So now the extraction problem is just to find where the ridges end, bifurcate, or form deltas and map them on a graph. It's like saying plot Singapore, Mexico City, and Cape Town on a map. Not very difficult when you look at the big picture. The algorithm to extract markers looks at every pixel and it's neighborhood pixels. If they satisfy some special characteristics then it assigns it a marker type (delta, island etc.) and stores it in the database, relative to the position of other markers on the same finger.
Now comes the hard part - matching a finger's markers against that of the 10,000 in the database. If you think about it, it's actually an age-old problem that the ancient Greeks like Ptolemy busied themselves with - finding constellations. You must've heard of the constellation Ursa Major (The Big Dipper) or my favorite Ursa Minor (The Little Dipper). Astronomers and astrologers for centuries have stood under the night sky and identified tons of constellations simply by looking up and observing. They didn't need no fancy computers or telescopes to find The Libra in the night sky. We humans have built-in pattern-matching and pattern-recognition abilities that seem so natural to us but it is near impossible to replicate these on a computer.

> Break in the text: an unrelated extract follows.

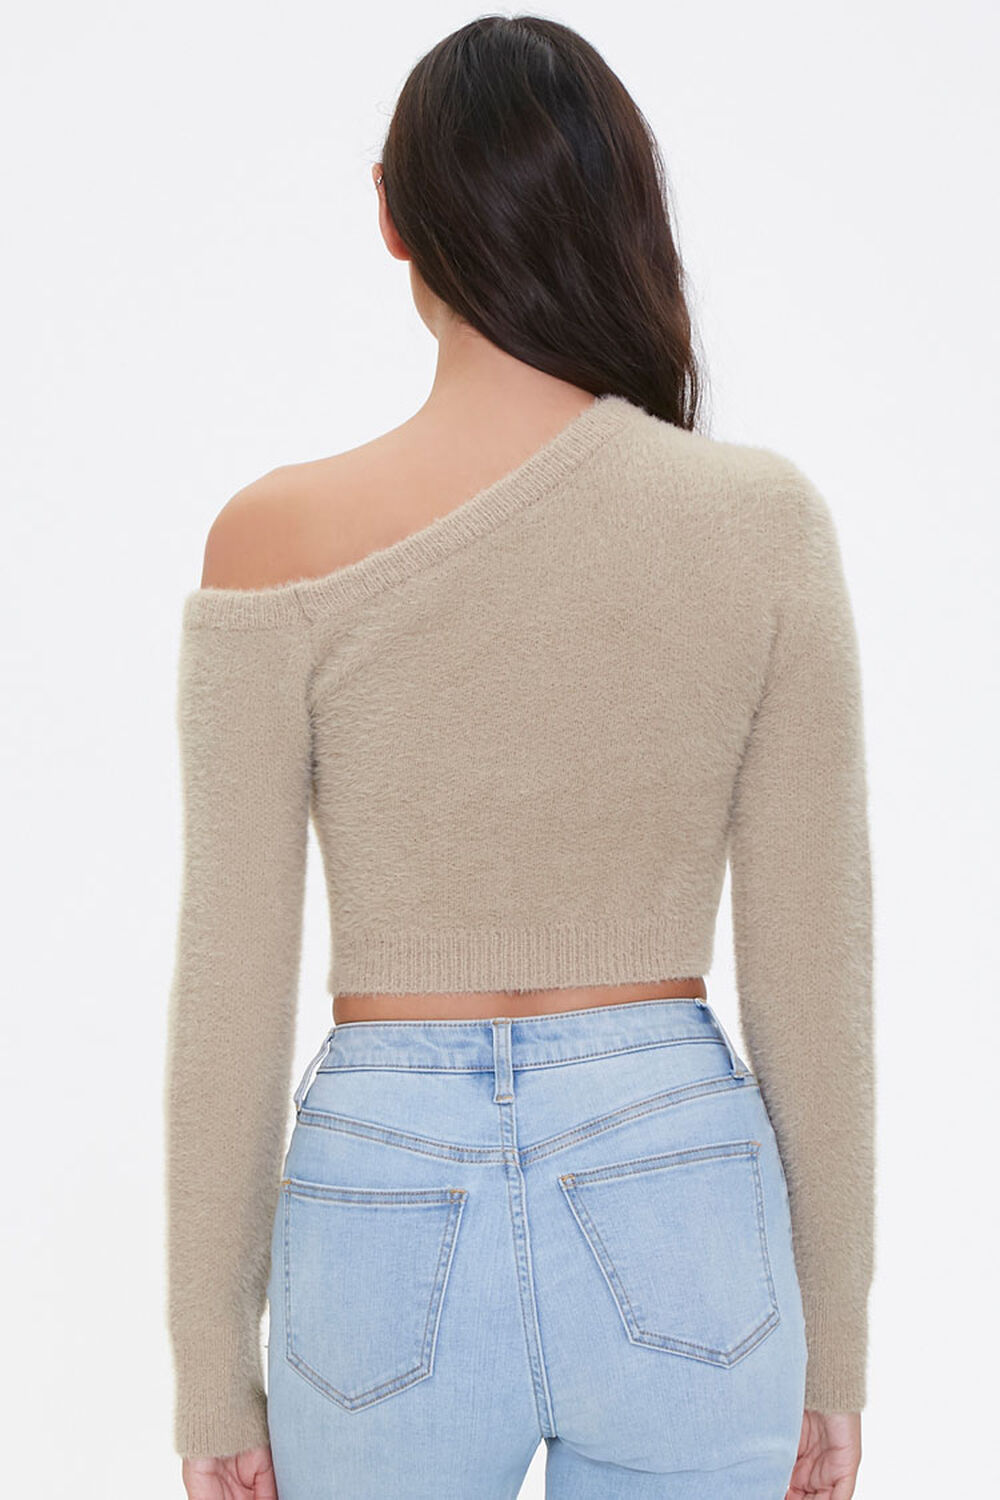 TAN Fuzzy Knit One-Shoulder Sweater, image 3
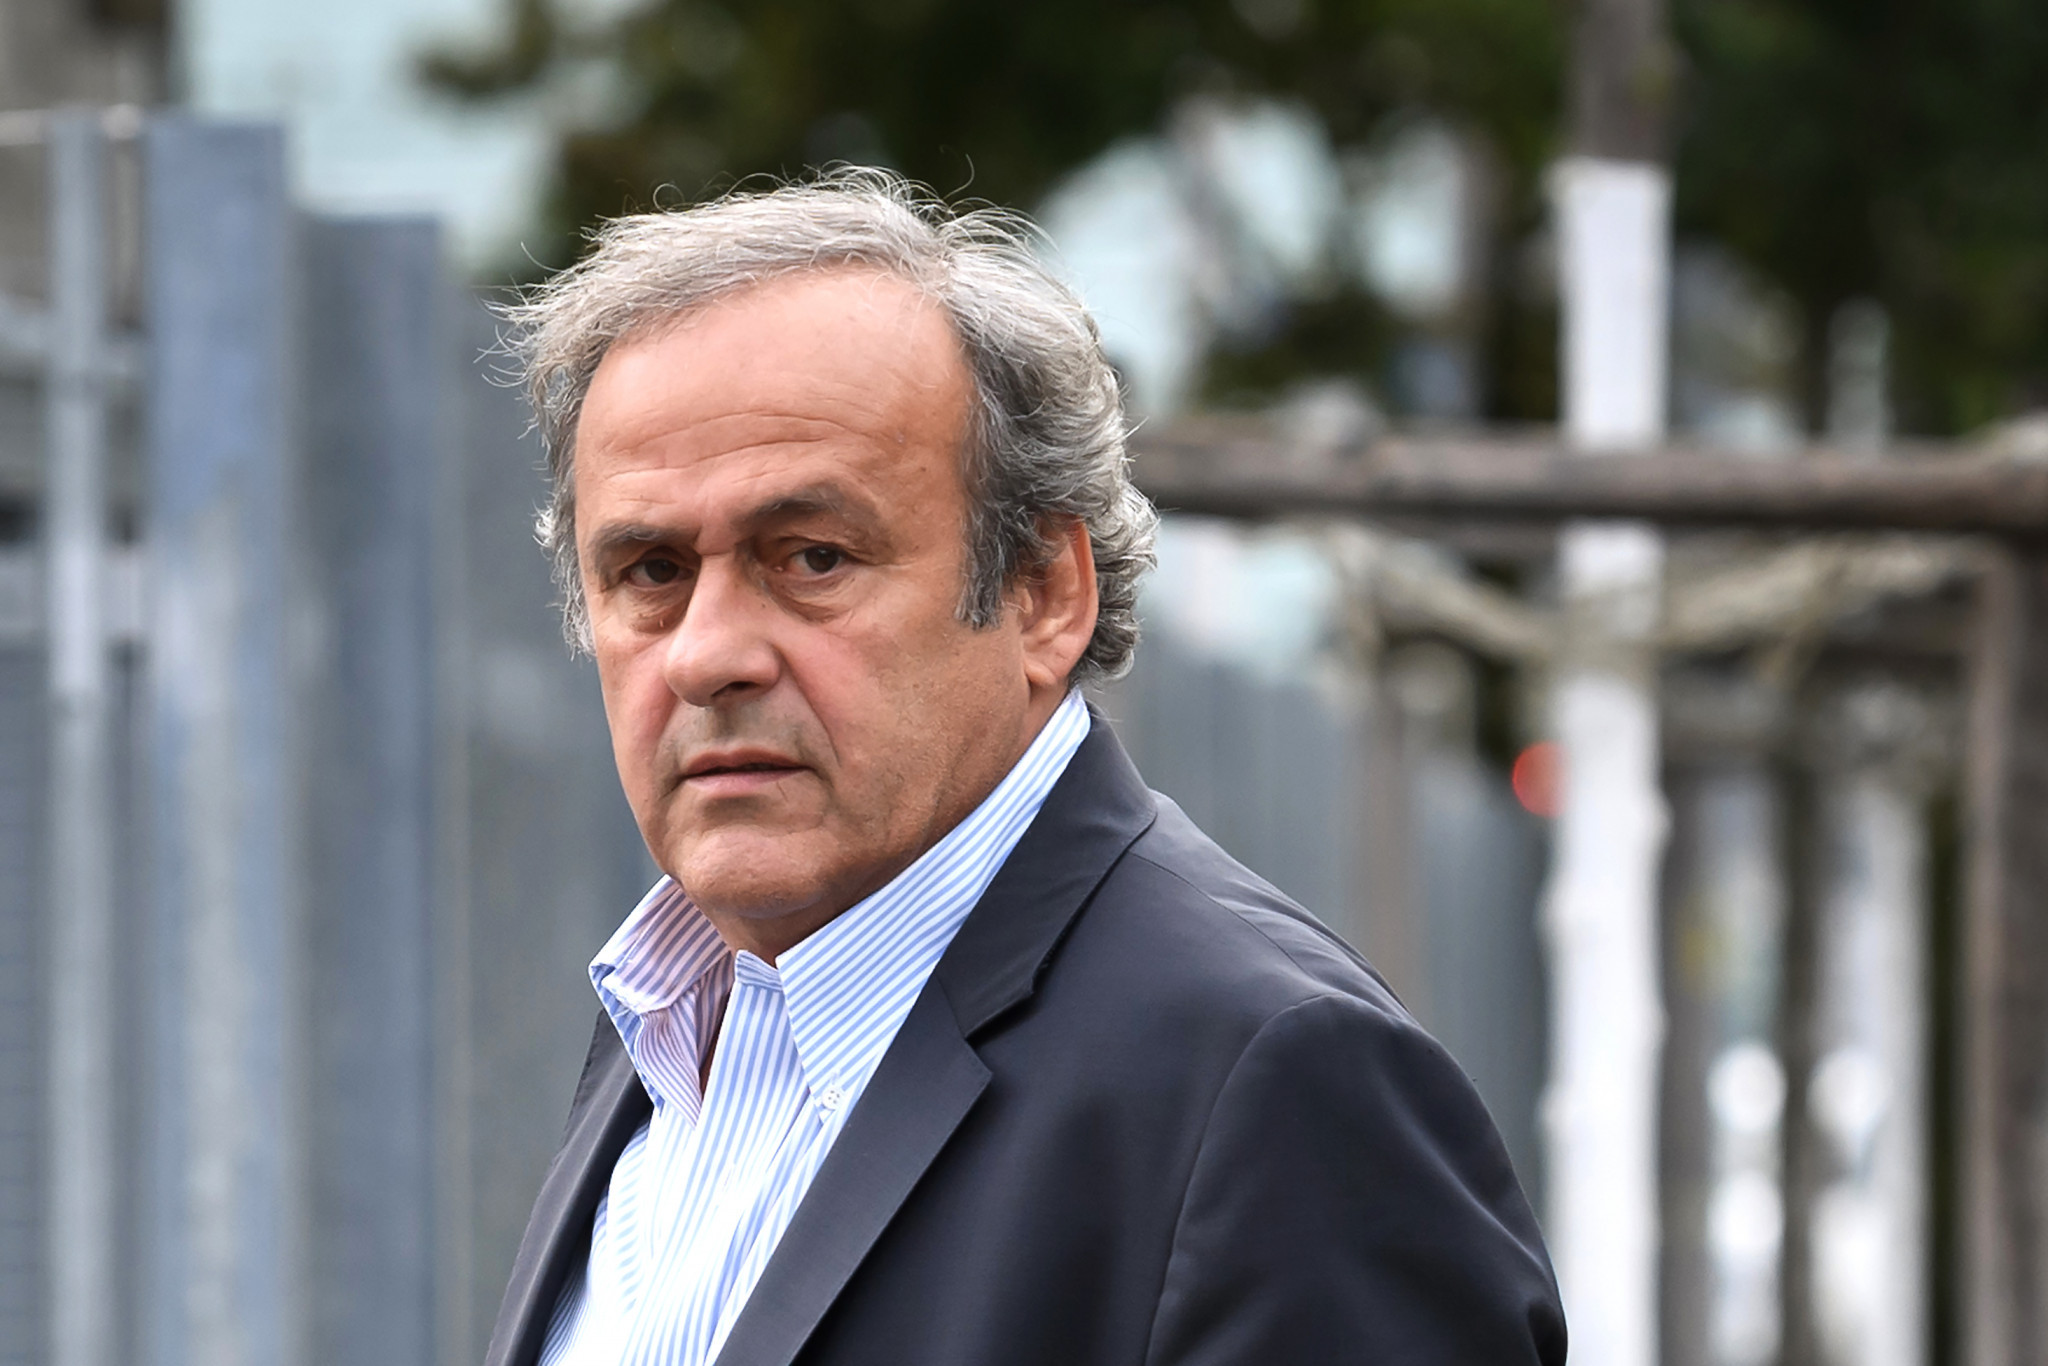 Michel Platini claimed he is "fighting" to clear his name from allegations of corruption ©Getty Images

Given a night sky full of stars, how do you find a constellation you are looking for? You can start by looking for small groups within the constellation. Maybe two of the stars in the constellation you are looking for, are really close to each other. So scan the whole sky for two stars very close to each other. If you find such a pair of stars then look for further signs - like is there a third star directly above or below one of them but at twice the distance. Stuff like this is what we humans are really REALLY good at. You don't even realize that you are performing one of the most difficult patterm-recognition operations right now - reading text from a computer screen. After all, OCR is big business. So is recognizing sounds (especially voice), handwriting, images, and videos - things that we so easily discern and detect.
Anyways, back to recognizing fingerprints. After the extraction process, the software will have to form a constellation with all the markings on the fingerprint. In the setup phase, this is stored on the server and in the matching phase this is what is searched for in the server. Searching a constellation of markers within each of the 1000 fingerprints in the database can be done in the following way. One of the things we need to realize is that due to the randomness of the physical act of positioning a finger on a scanner, you will almost never get two exact readings. However, the marker data in the middle of the finger will be much more accurately readable than the markings on the fringes or towards the sides of the finger. So give more importance to a bifurcation in the middle of the finger than an island at the far left - after all, it could be just a normal fully-connected ridge but the person might not have pressed the finger fully on the scanner.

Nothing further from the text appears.